Die Siebziger waren auch eine Zeit der Rebellion. Rührt daher Ihr rebellischer Geist, mit dem Sie Ende der Neunziger gemeinsam mit Lars von Trier und anderen mit dem Dogma-Manifest gegen das etablierte Kino Stellung bezogen?
Ja, natürlich. Wir waren jung und naiv – aber auch sehr eitel – und wir rebellierten gegen die Mittelmäßigkeit des Filmemachens. Mit unserem Manifest und der freiwilligen Beschränkung sind wir ein Risiko eingegangen. Aber das verschwand, sobald die Dogma-Filme erfolgreich wurden.
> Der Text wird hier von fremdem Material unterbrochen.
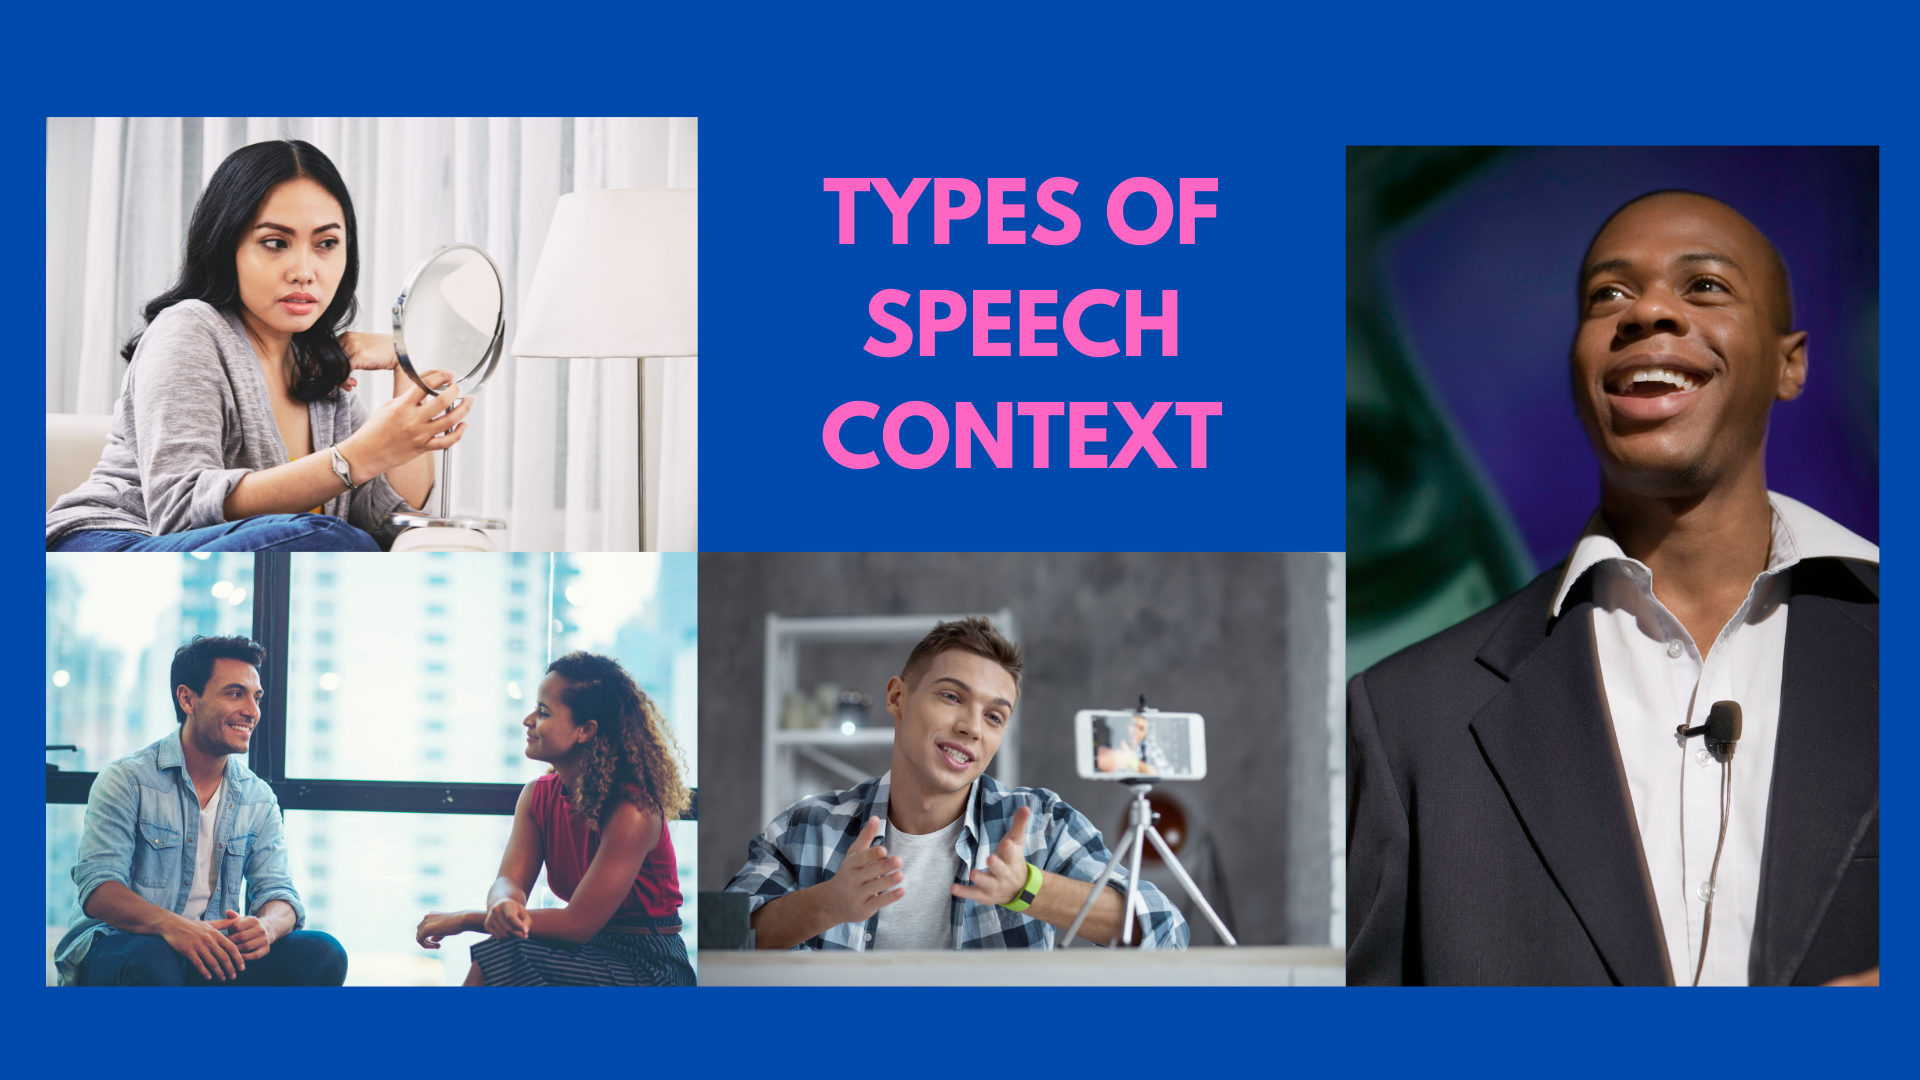 oral communication types of speech context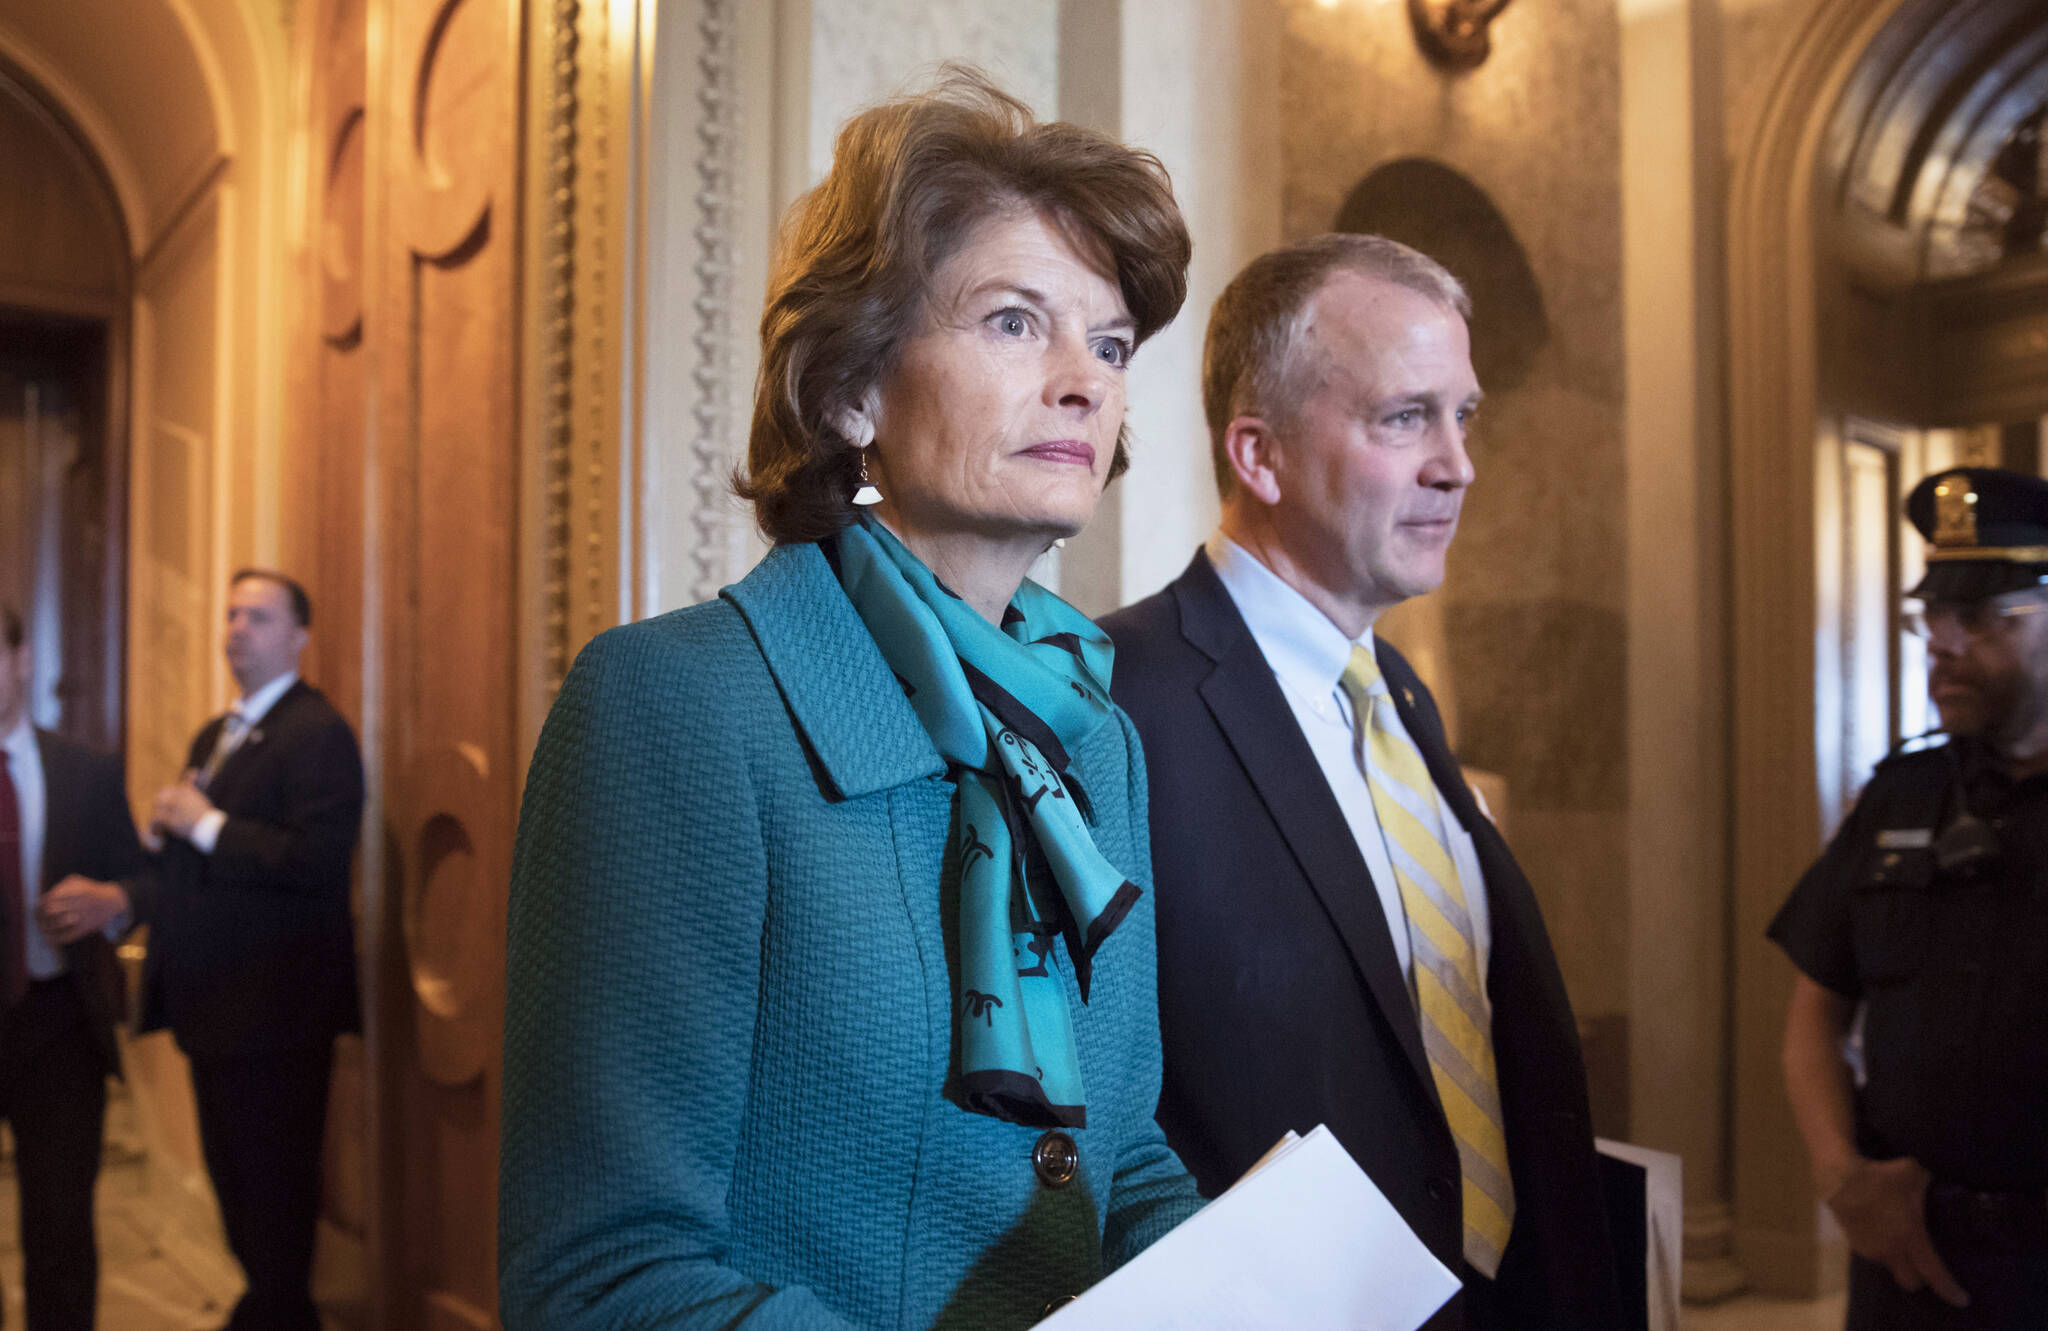 Sen. Lisa Murkowski, R-Alaska, and Sen. Dan Sullivan, R-Alaska, leave the chamber after a vote on Capitol Hill in Washington, early Wednesday, May 10, 2017. A magistrate ruled Tuesday, Oct. 19, 2021, that there is probable cause for a case to continue against a man accused of threatening to kill Alaska’s two U.S. senators in profanity-filled voicemails left on their office phones. (AP Photo / J. Scott Applewhite)

Das Dogma-Manifest wurde eine Rezeptur und verkam zur Mode. Der Begriff Dogma-Stil kam auf, was komisch war, weil wir ja eigentlich jeglichen Stil vermieden haben. Schon der Applaus in Cannes bei den Premieren von „Das Fest“ und „Die Idioten“ 1998 war der Anfang vom Ende der Dogma-Bewegung. Ein natürlicher Prozess: Jede neue Welle bricht sich irgendwann und verflacht.

Was ist für Sie aus dieser Zeit geblieben?
Der Ehrgeiz, Filme so wahrhaftig, aufrichtig, lebendig und konfrontativ wie möglich zu gestalten. Auch wenn ich heute vielleicht nicht mehr so fest zuschlage wie damals.

Und worin liegt in Ihren Augen das Geheimnis des dänischen Films, der ja nach wie vor zu den interessantesten im europäischen Kino zählt?
Das dänische Kino ist durch ein starkes Gruppengefühl geprägt. Wir halten zusammen, helfen einander, fordern einander heraus und sind sehr ehrlich zueinander. Wir sehen uns oft. Das verbindet uns. Außerdem ist Dänemark ein Land, in dem es viele dunkle Geschichten gibt, und wir haben keine Angst, diese dunklen Seiten des Lebens zu erkunden.

Das Gespräch führte Martin Schwickert.

Thomas Vinterberg, 1969 in Kopenhagen geboren, ist Mitbegründer der dänischen Dogma-Bewegung und Regisseur von international erfolgreichen Filmen wie „Das Fest“ und „Die Jagd“.